Edit `plotcount.py` so that the bars are 0.8 units wide instead of 1 unit. (Hint: replace `width = 1.0` with `width = 0.8` in the definition of `plot_word_counts`.)

Now we want to recreate our figures. We could just `bash run_pipeline.sh` again. That would work, but it could also be a big pain if counting words takes more than a few seconds. The word counting routine hasn’t changed; we shouldn’t need to recreate those files.

Alternatively, we could manually rerun the plotting for each word-count file. (Experienced shell scripters can make this easier on themselves using a for-loop.)

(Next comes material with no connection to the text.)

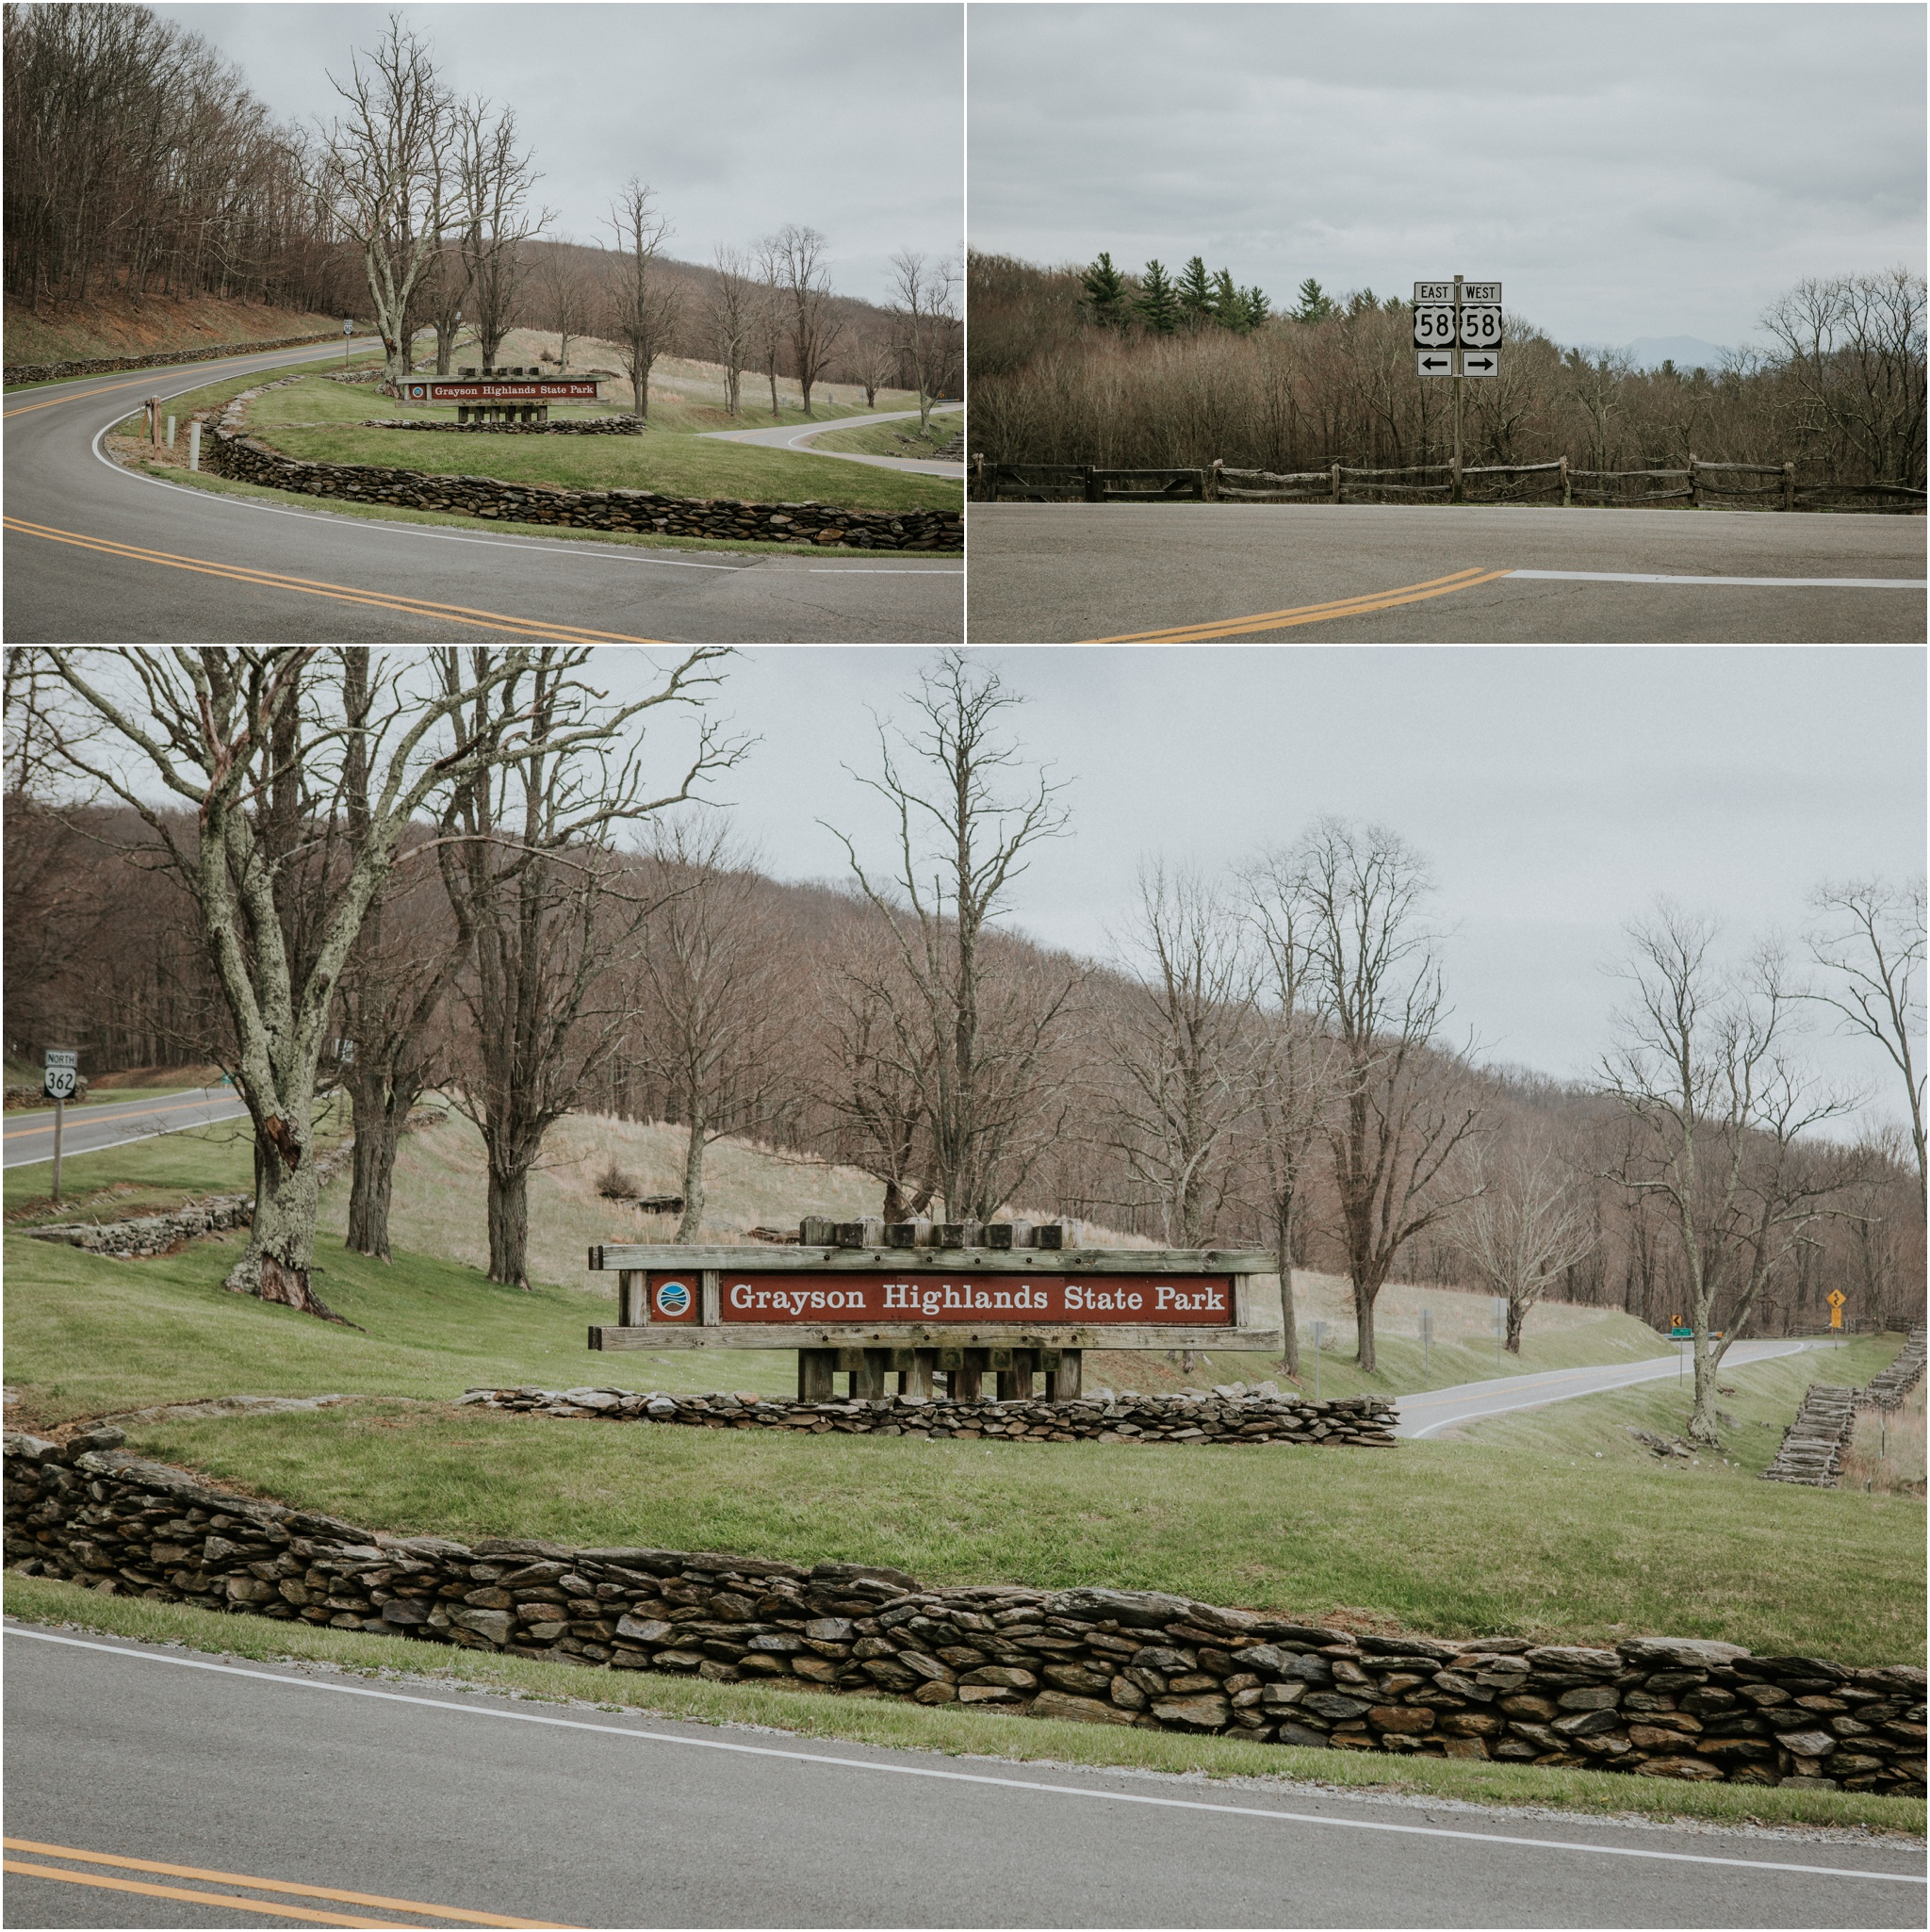 grayson-highlands-engagement-session-foggy-mountain-rustic-appalachian-virginia-katy-sergent-photography_0001.jpg

``````for book in abyss isles; do
python plotcount.py \$book.dat \$book.png
done
``````

Another popular option is to comment out a subset of the lines in `run_pipeline.sh`:

``````# USAGE: bash run_pipeline.sh
# to produce plots for isles and abyss
# and the summary table

# These lines are commented out because they don't need to be rerun.
#python wordcount.py books/isles.txt isles.dat
#python wordcount.py books/abyss.txt abyss.dat

python plotcount.py isles.dat isles.png
python plotcount.py abyss.dat abyss.png

# This line is also commented out because it doesn't need to be rerun.
python zipf_test.py abyss.dat isles.dat > results.txt
``````

Then, we would run our modified shell script using `bash run_pipeline.sh`.

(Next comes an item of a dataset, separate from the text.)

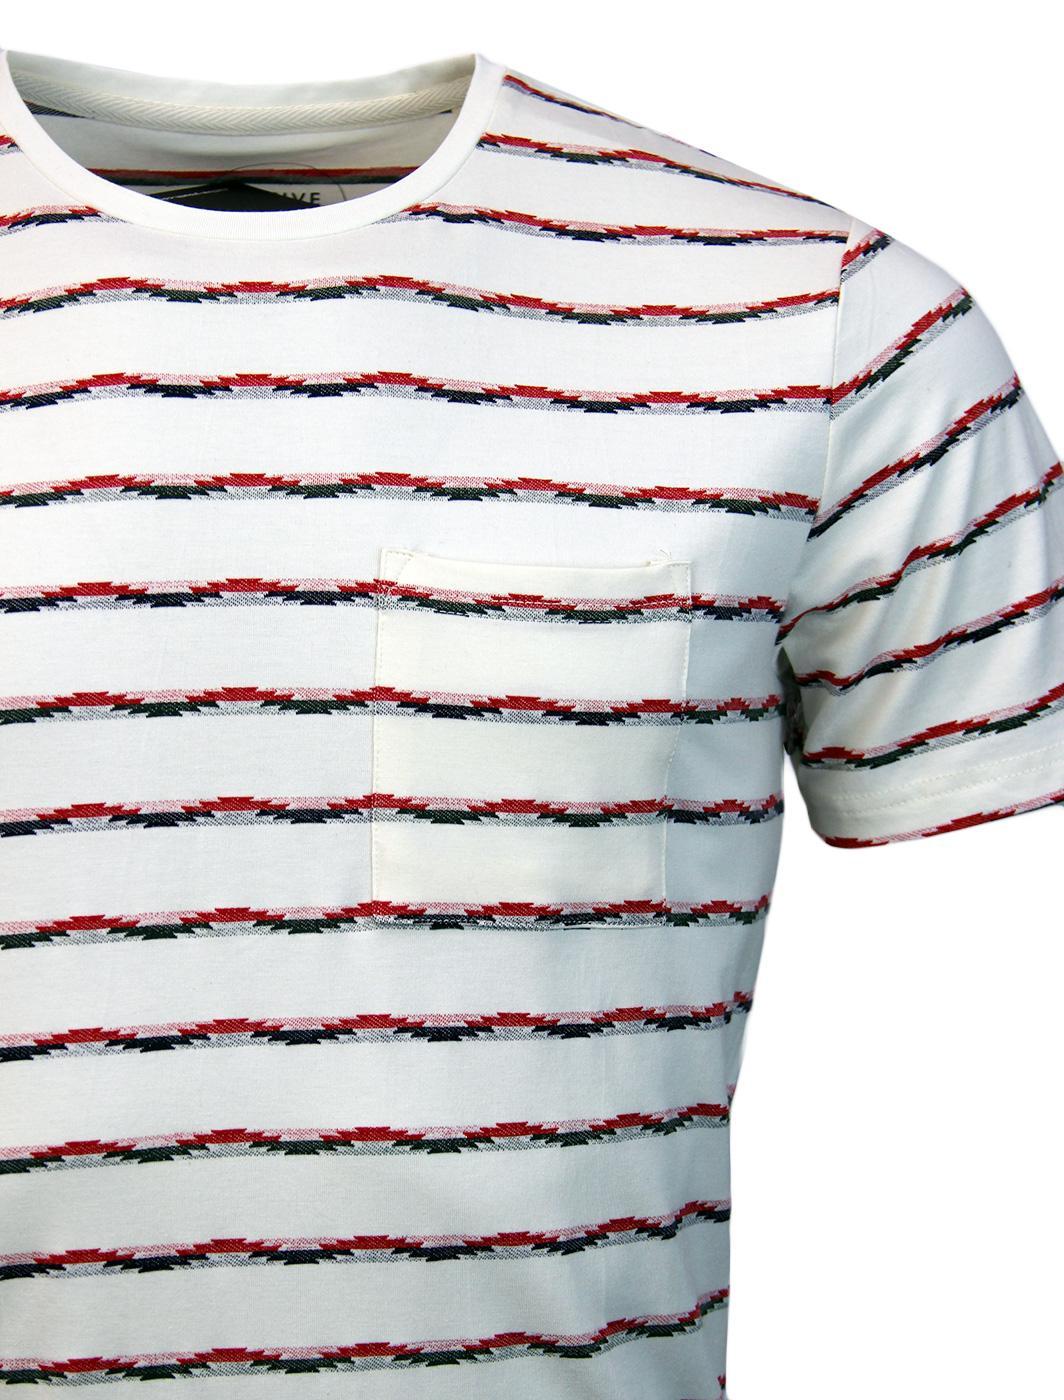 4fa20e61645 NATIVE YOUTH Retro Indie Jacquard Stripe T-Shirt in Cream

But commenting out these lines, and subsequently uncommenting them, can be a hassle and source of errors in complicated pipelines. What happens if we have hundreds of input files? No one wants to enter the same command a hundred times, and then edit the result.

What we really want is an executable description of our pipeline that allows software to do the tricky part for us: figuring out what tasks need to be run where and when, then perform those tasks for us.

## Key Points

• Bash scripts are not an efficient way of defining a workflow.